◆ SUPPLIED MATERIAL ◆
>>>>>

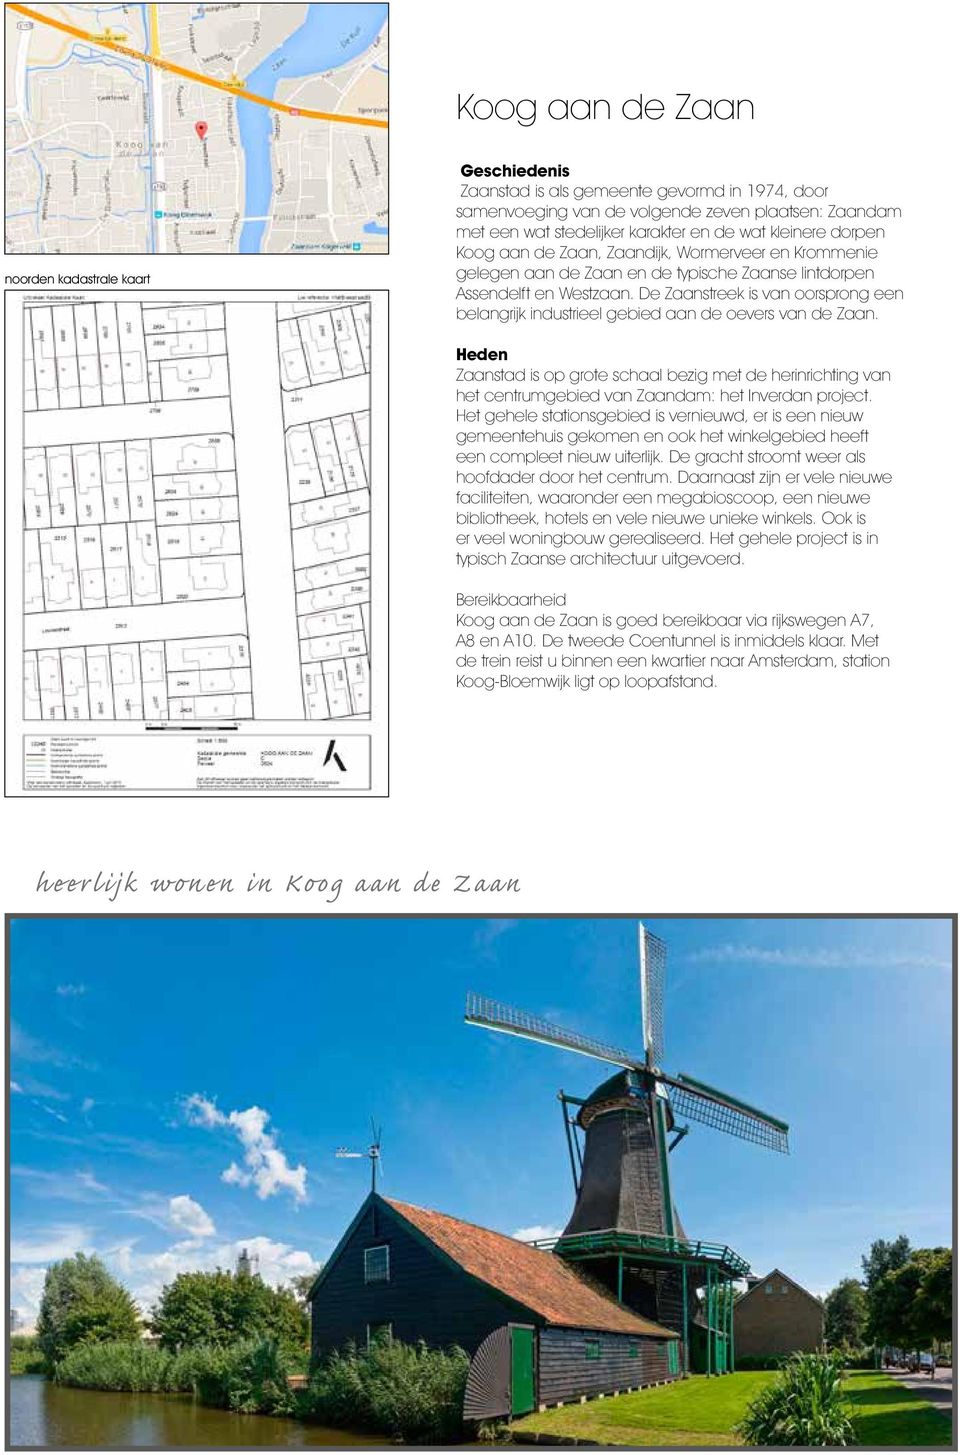 De Zaanstreek is van oorsprong een belangrijk industrieel gebied aan de oevers van de Zaan.
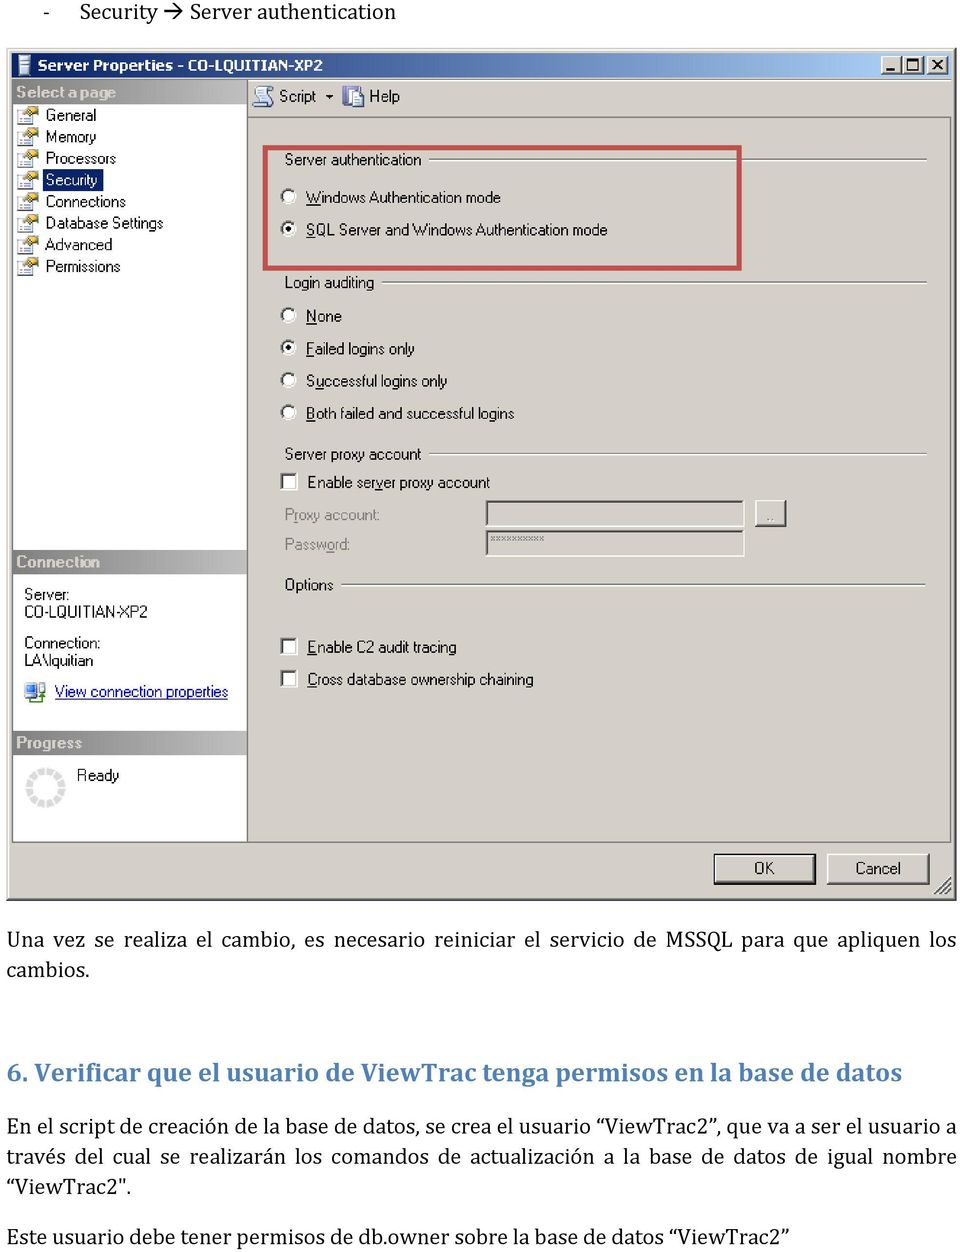 Verificar que el usuario de ViewTrac tenga permisos en la base de datos En el script de creación de la base de datos, se
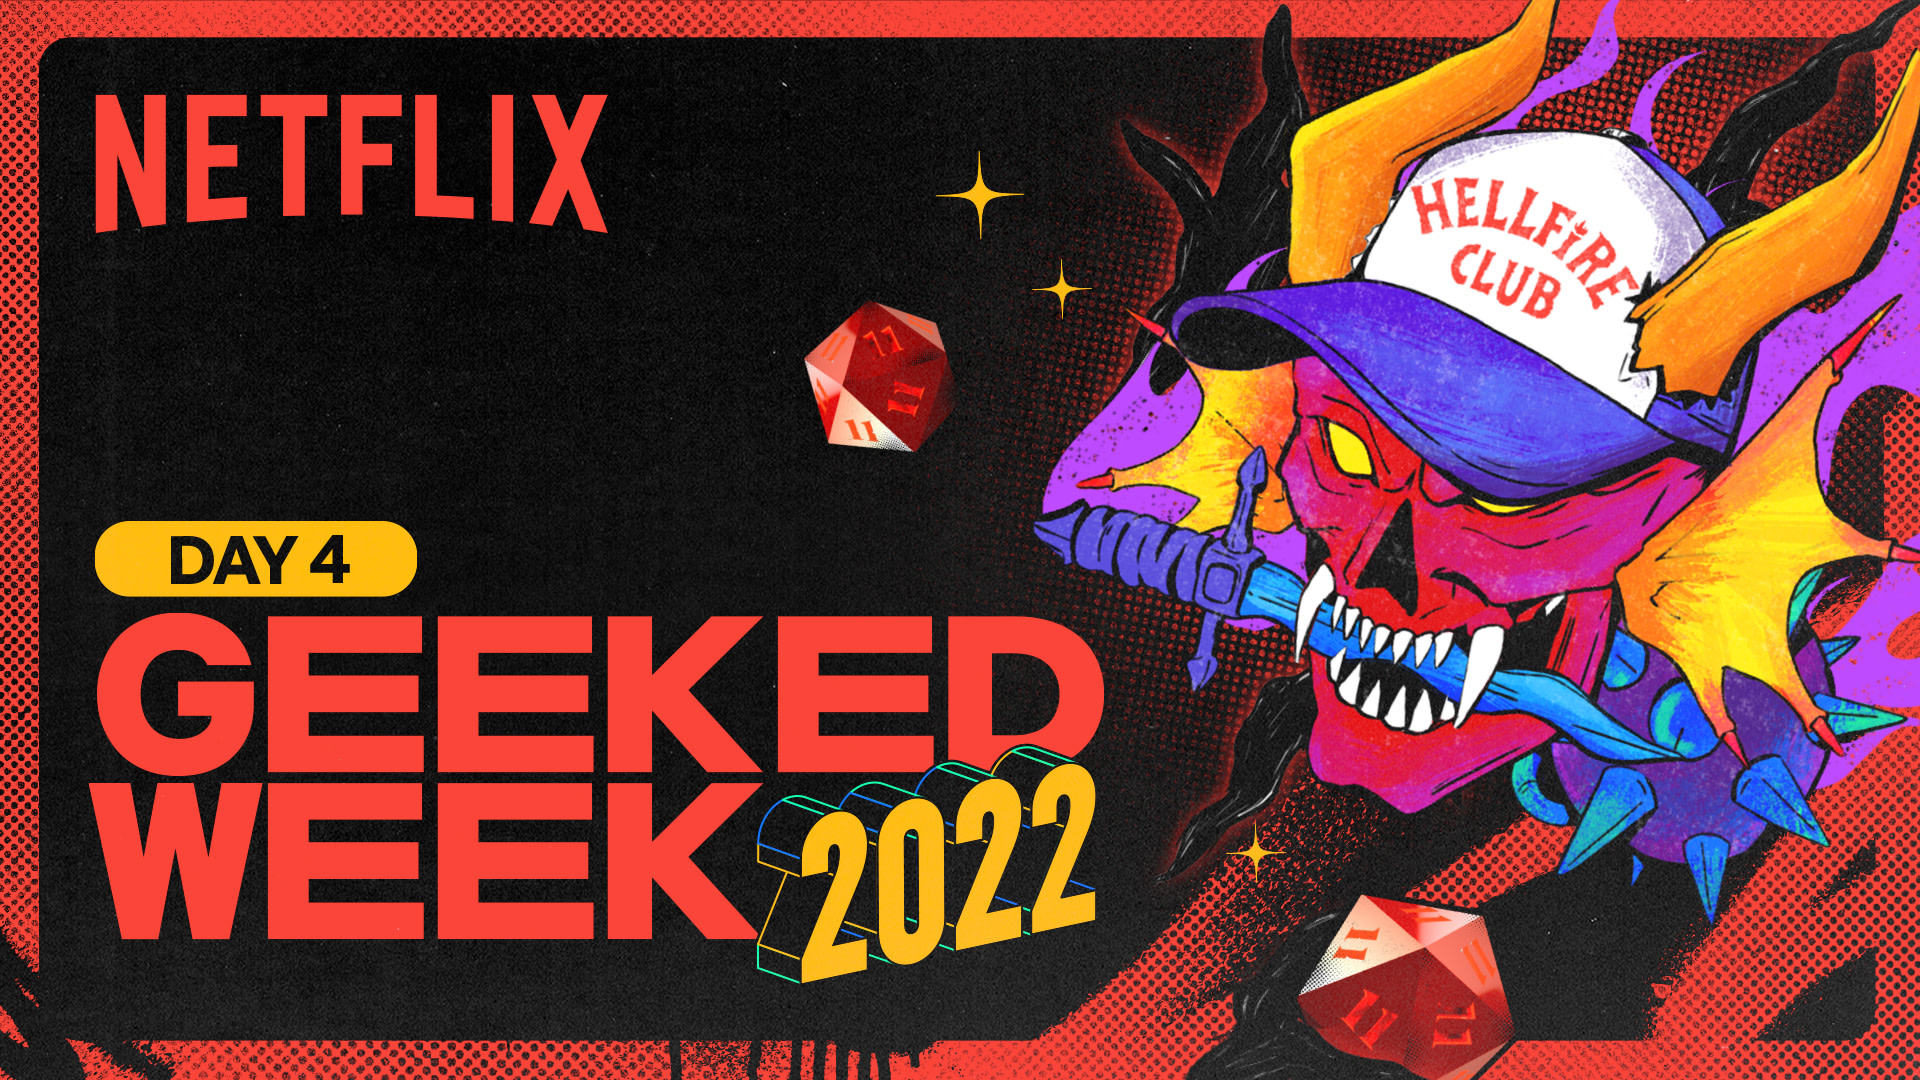 Podsumowanie Geeked Week 2022: wszystkie ciekawostki zza kulis serialu podczas Dnia „Stranger Things”

<<<<<

◆ WHAT THE TASK REQUIRES ◆
The output must start at the line holding "Verificar que el", end at the last line of the listing above, and show each line exactly; please omit all pictures.

◆ WRITTEN ANSWER ◆
 Verificar que el usuario de ViewTrac tenga permisos en la base de datos En el script de creación de la base de datos, se
 Podsumowanie Geeked Week 2022: wszystkie ciekawostki zza kulis serialu podczas Dnia „Stranger Things”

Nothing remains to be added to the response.